Financiamento em cima da mesa

Filipa Teixeira, Head of Research da Patris Gestão de Activos, acredita que a grande questão pode estar no financiamento. “O recente turbilhão político na Ucrânia apresenta desafios aos investidores expostos ao país bem como a países vizinhos, sendo a grande questão assegurar financiamento para repor reservas e rolar dívida existente que matura este ano, para evitar a insolvência do país”. Para a especialista a normalidade no país vai depender “entre outros factores, da rapidez de aprovação do pedido de ajuda ao FMI, a dimensão do mesmo, bem como da hipótese de Washington e Bruxelas se disponibilizarem para fornecer um pacote de ajuda”. Outra questão sublinhada pela especialista refere que “enquanto não houver um governo a funcionar que decrete as necessárias reformas estruturais inerentes a um pacote de ajuda, este muito provavelmente tardará em chegar, o que aumentará o stress a curto prazo”. Mas já terá a  volatilidade chegado aos mercados por causa desta situação? Filipa Teixeira acredita que sim. “Os mercados globais já têm assistido, nos dias recentes, a volatilidades pontuais causadas por sentimento negativo associado à escalada de tensão na Ucrânia, contudo o equilíbrio tem-se reestabelecido rapidamente”, refere. A hipótese “contágio” é para a especialista menos provável, “dado que a exposição da banca internacional a Ucrânia é relativamente pequena”.

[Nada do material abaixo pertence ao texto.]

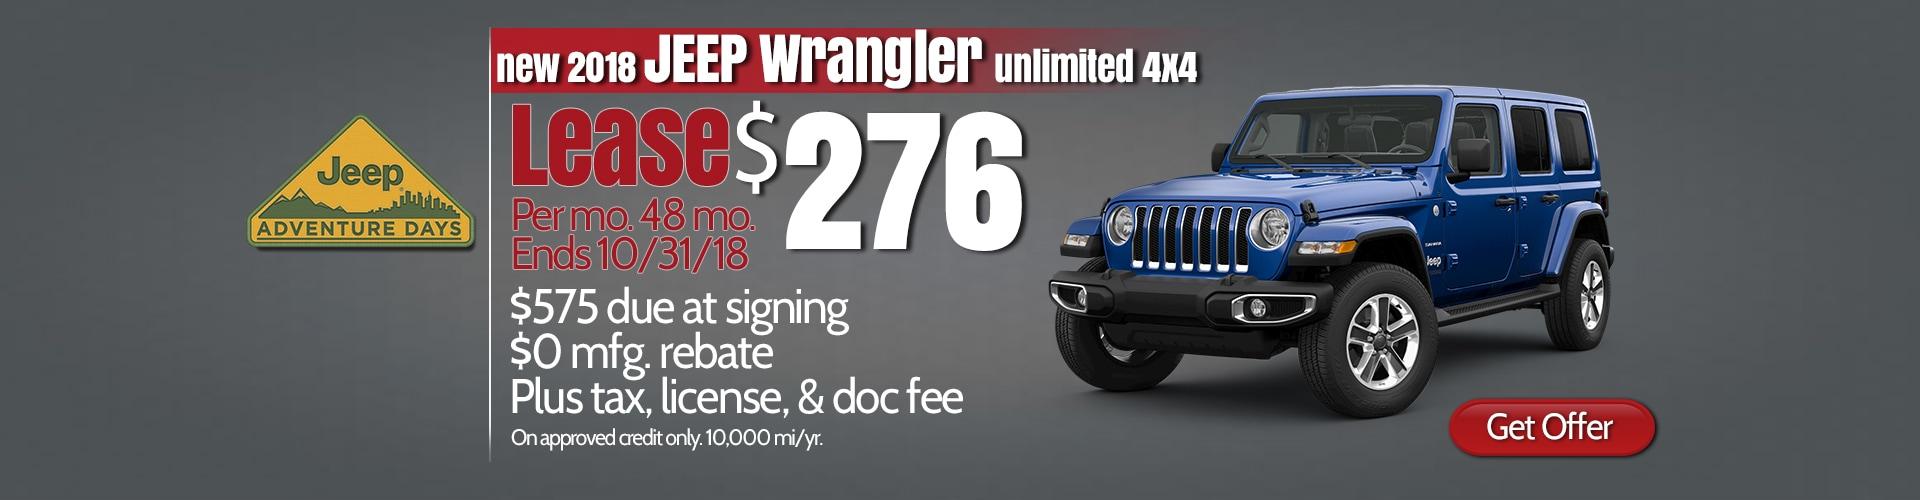 Jeff Wyler Eastgate Chrysler Jeep Dodge RAM | New And Used Chrysler, Jeep,  Dodge And RAM Dealer Cincinnati Ohio

No entanto a especialista sublinha que “existem algumas situações que poderiam causar um impacto mais directo, como por exemplo na Rússia por via dos bancos, que de acordo com estimativas da Fitch têm uma exposição à Ucrânia de US$28bn”.Outro dos cenários de contágio que a especialista indica adviria de “uma interrupção das exportações Russas de gás que fazem passagem pelos oleodutos Ucranianos”. O último caso e num “worst case scenario a falta de liquidez em títulos da dívida Ucraniana poderia obrigar os investidores a procurar coberturas correlacionadas”. Filipa Teixeira conclui que “outro cenário de contágio poderia advir de todas as hipóteses”. Contudo, para a especialista “parecem pouco prováveis e de dimensão relativamente reduzida.”